The Whiteman’s Burden, By Tatalo Alamu



(The founding continent and the founder effect)


Basil Davidson calls it the Black-man's burden— a savage and ironic jibe at the White man's burden, the self-imposed historical duty of stamping rational order and humane civilization on the rest of the human race. Yet two hundred and fifty one years after the infamous Berlin Conference which partitioned Africa among the colonial powers(1814-1815), It is now obvious at least in Nigeria and many African countries that the messianic burden the imperialist masters imposed on themselves is facing its toughest challenge.

Based on their current circumstances, these colonial chimeras pose a grave security risk to western modernization and its expansive notion of accelerated and unimpeded progress, particularly after the triumph of liberal democracy over the Soviet Communist model. With wars raging in many parts of sub-Saharan Africa and with famine, poverty and epidemics of dereliction the lot of the populace, it is just a question of time before the Dark Age is re-enacted.

When you now factor into this the virtual implosion of a vast swathe of the Middle East and the biblical outpouring of refuge attendant upon this, you get a feel of human suffering and misery on a scale unprecedented in history. The wanton brutality, the Stone Age cruelty and callous disregard for the sanctity of human life displayed by sectarian militias from Boko Haram in Nigeria, through ISIS in the Levant and the Taliban in Afghanistan suggest a new low that has not been seen since the Jewish pogrom of the Second World War.
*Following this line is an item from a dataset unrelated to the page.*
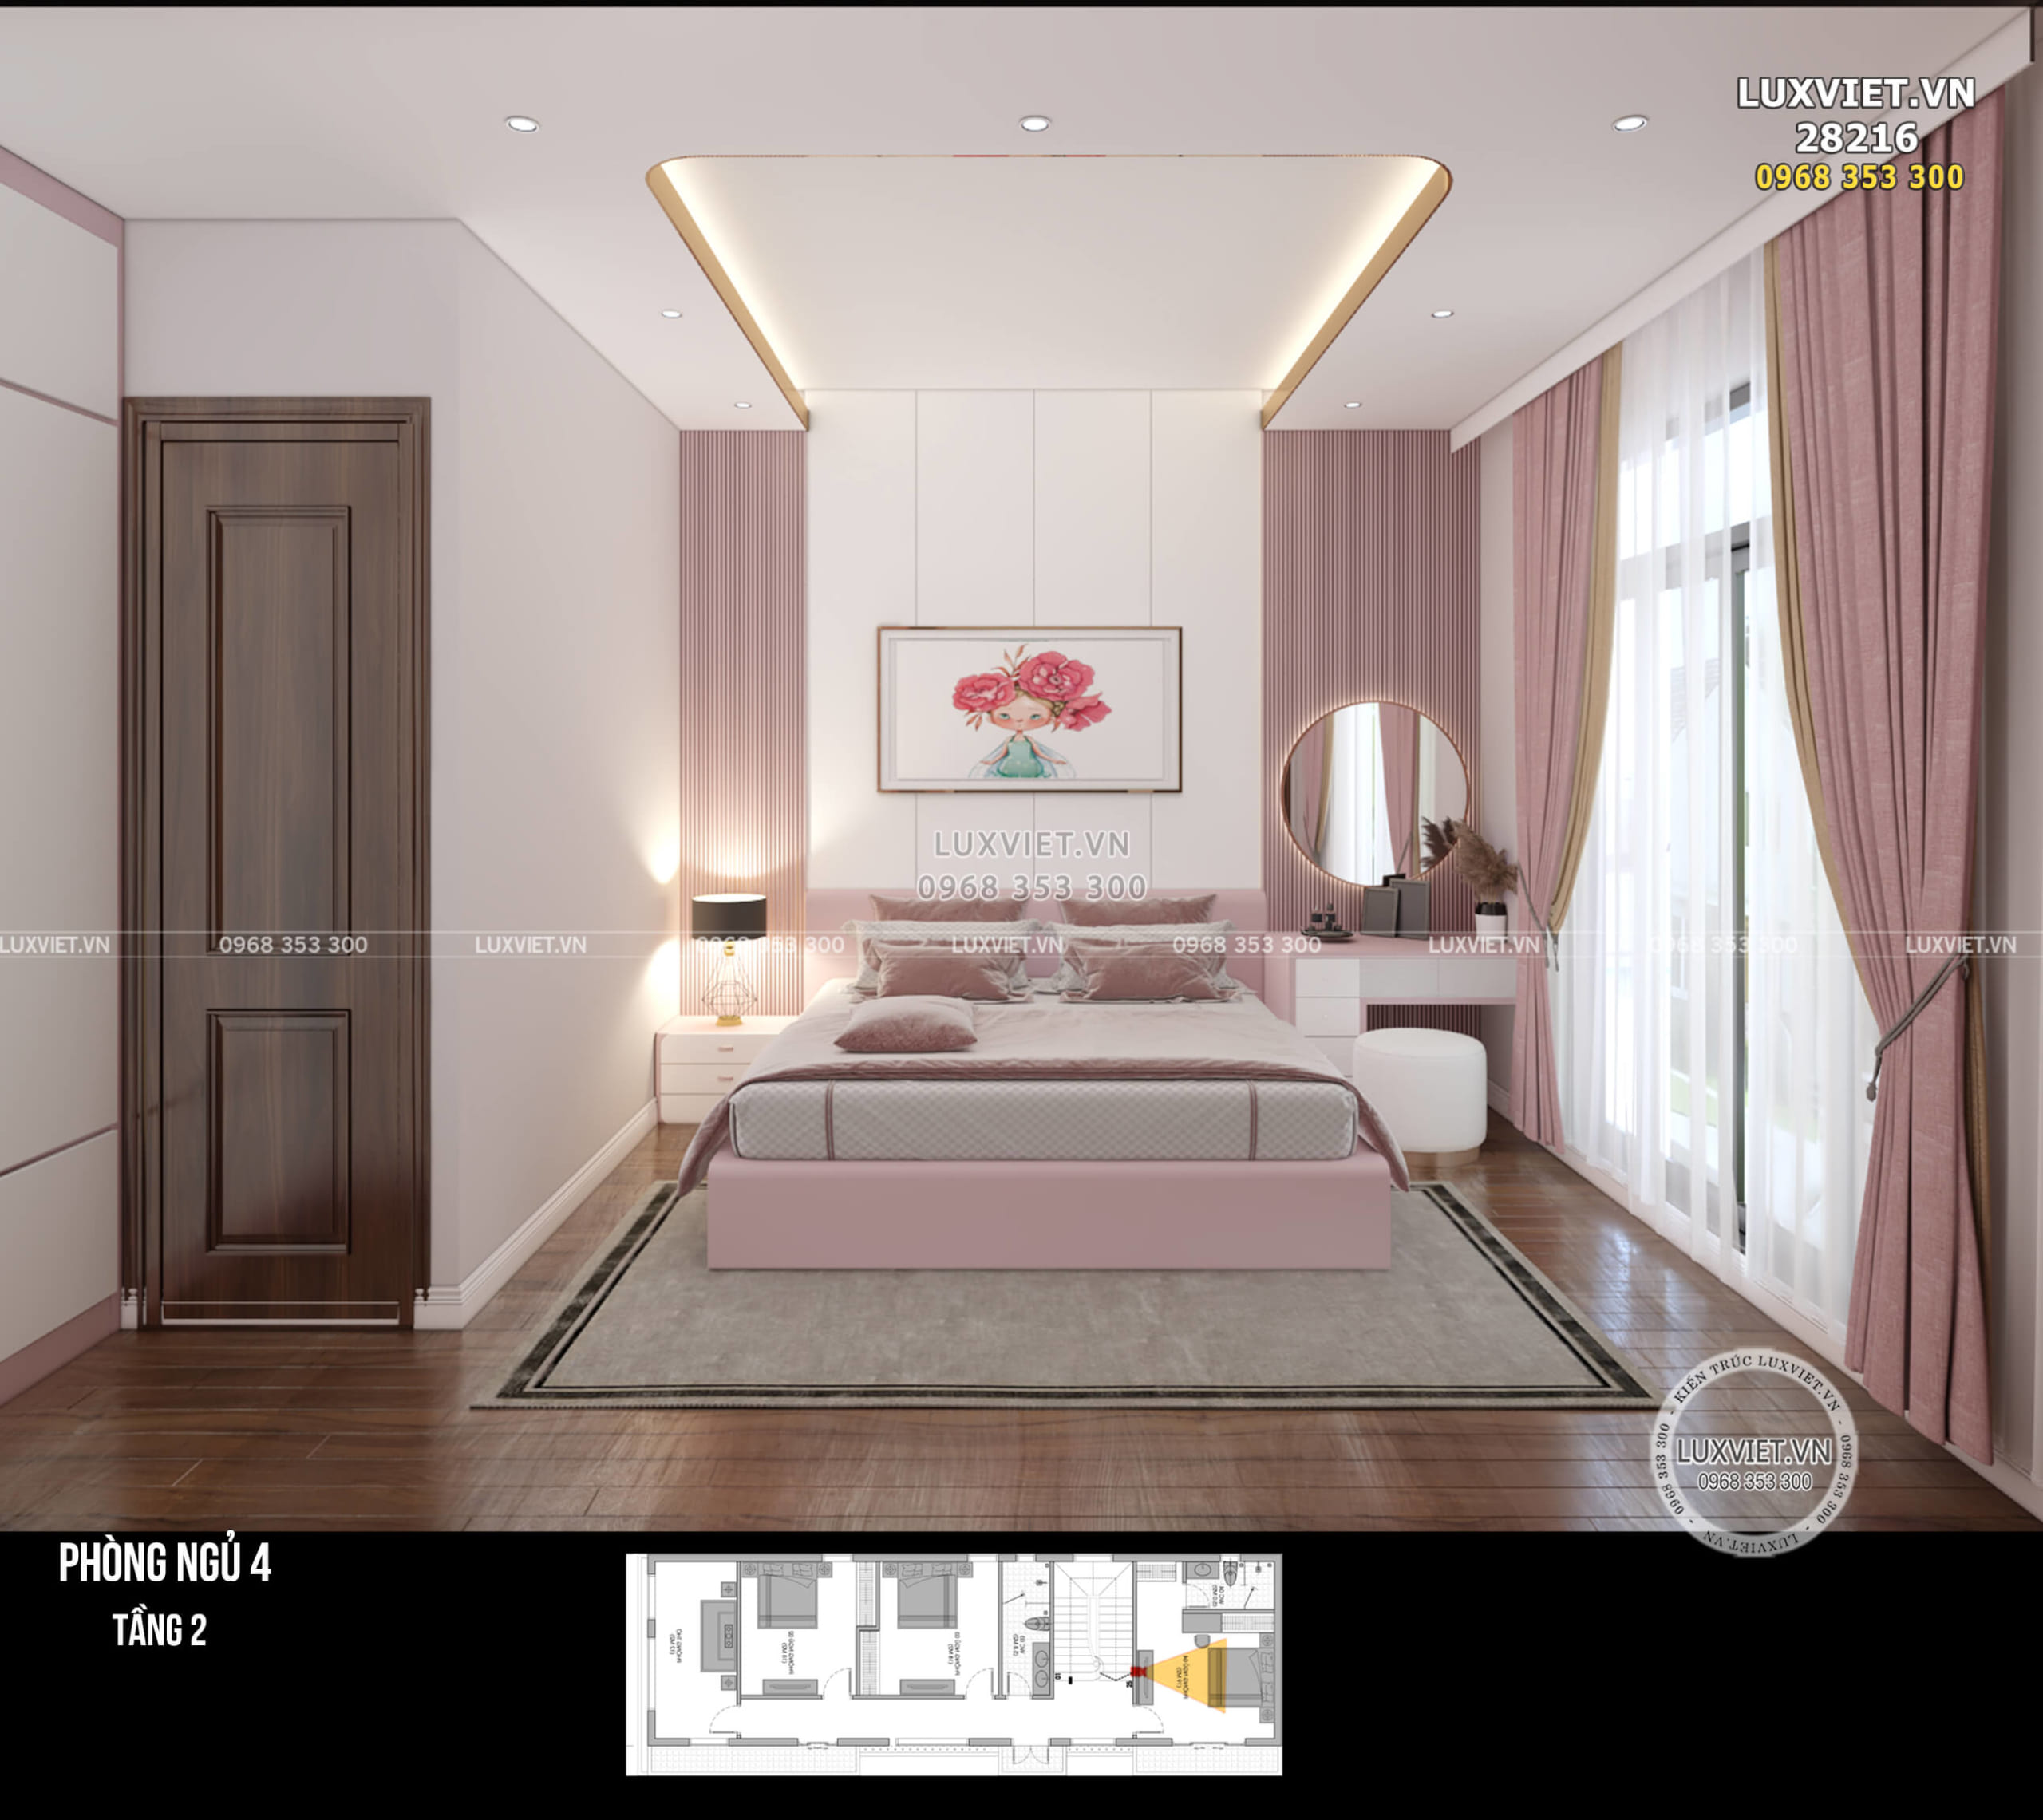 Phòng ngủ được thiết kế đồng bộ màu sắc từ rèm cửa, giường ngủ, bàn trang điểm

If one theme is common to all these multi-dimensional conflicts, if there is one single and solid cause that unites the disparate combatants, it is the written and unwritten disavowal of the nation-state paradigm which has been imposed on their people by triumphant western modernity.
With the Islamic sects, from Boko Haram in Nigeria to the militantly state-evaporating al-Qaeda and ISIS, it is a violent and conscious rebuff of the nation-state arrangement and the colonial cartography which radically redrew the old map of Africa, the Middle East and Asia.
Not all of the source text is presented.